Faith now got past the obstacle, studiously not looking in Millicent’s direction. The woman thought she knew everything going on in town.
And she is right, Faith thought dismally. At least Millicent didn’t know where the minister’s wife was going this morni
ng, but she’d find out eventually if she thought it mattered. Faith carrying a basket was not up there with some of what Millicent had filed away in her Rolodex lobe, a genetic quirk. This store of fact and supposition posed considerable risk at times. There was such a thing as knowing more than was good for you, although Millicent herself would never cede the point.

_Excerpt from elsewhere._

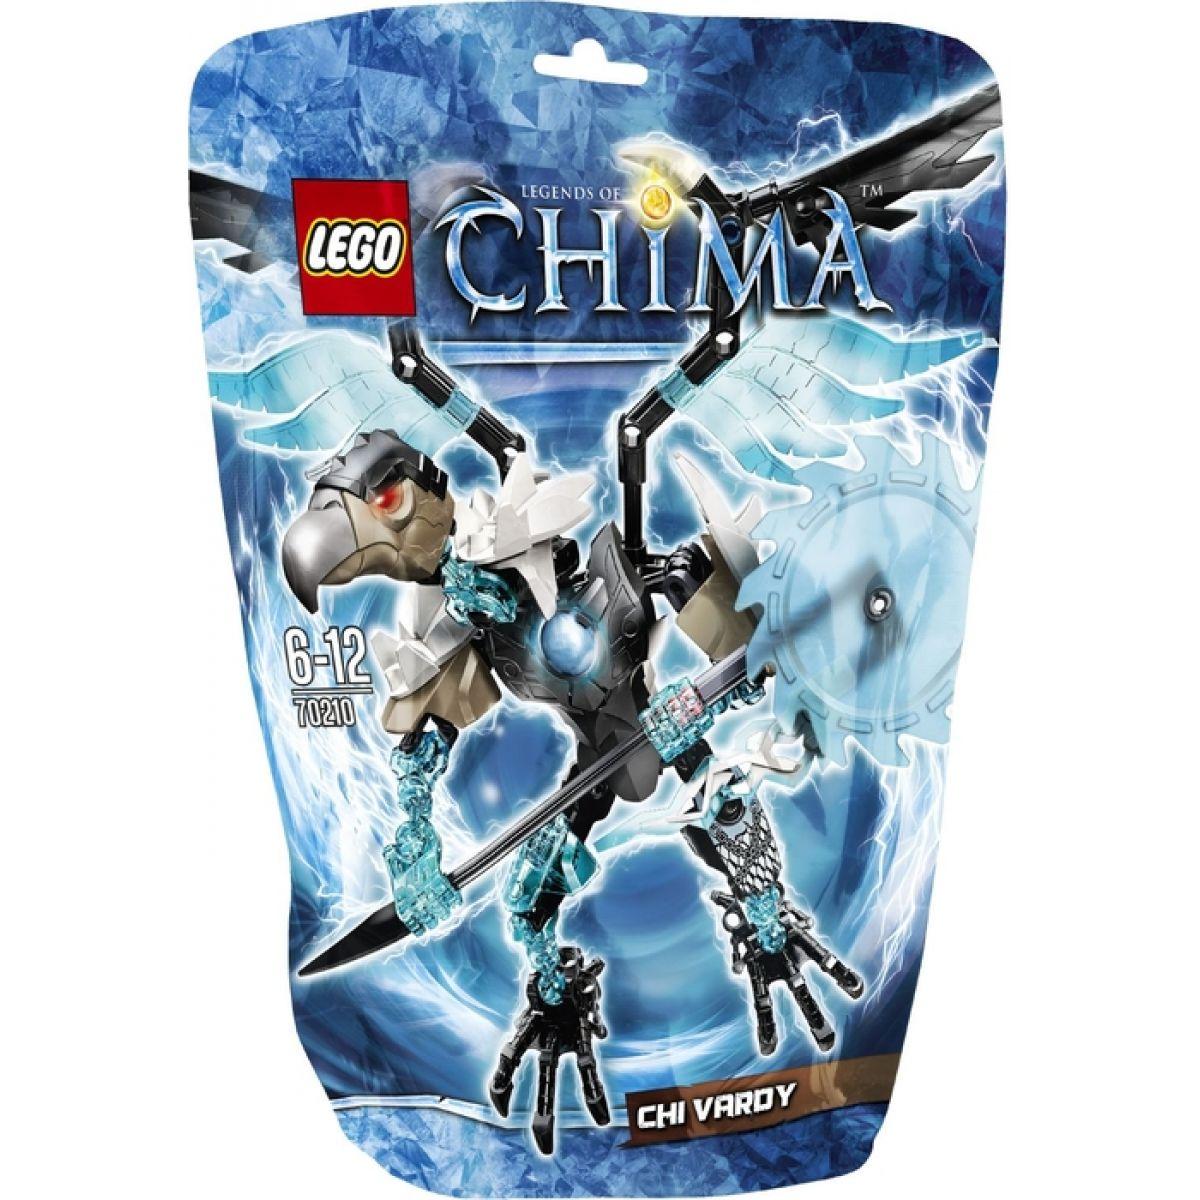 LEGO CHIMA - akční figurky 70210 - CHI Vardy

There were no woods to pass through on the way to Sarah’s house, though Aleford abounded in arboreal conservation land. It was one of the draws realtors touted, besides the schools. The peace and quiet, too. Suburban serenity. Location, location, location. Certainly little was stirring on Main Street this morning. The commuters had left for work, school buses had discharged their cargo, and the power walkers were on the bike path.
No wolves, either. Except for the few squirrels chattering away on the green when she walked past, Faith didn’t expect to encounter any wildlife, despite the rumors that had surfaced once again of a coyote at the Aleford dump. She was almost certain the coyote was two-legged, male, and about fifteen years old, running with a pack of like-minded mammals.
The town did have raccoons, but they wouldn’t be about now. These bandits had become more than a nuisance, with untidy nocturnal forays into garages left open and curbside trash cans.
From the few specimens Faith had seen from her bedroom window, sizes seemed to run from much larger than a bread box to slightly smaller than a Winnebago, and they were taking the recycling endorsed by their cartoon relation, Ranger Rick, altogether too seriously. The ultimate indignity had occurred when a mother raccoon took shelter in Millicent Revere McKinley’s chimney, producing offspring before Millicent could get the animal-control officer from neighboring Byford—Aleford’s force being limited to bare essentials such as writing parking tickets. Millicent confided to Faith that she was tempted to light a fire and be done with it; the noise was driving her crazy, yet for once she was afraid of public opinion. “Some people could think I was being a mite cruel.” The officer from Byford—“when he finally took the trouble to show up”—was no help, she’d added bitterly, telling her the critters would leave eventually, which they did, but it was a very long “eventually.”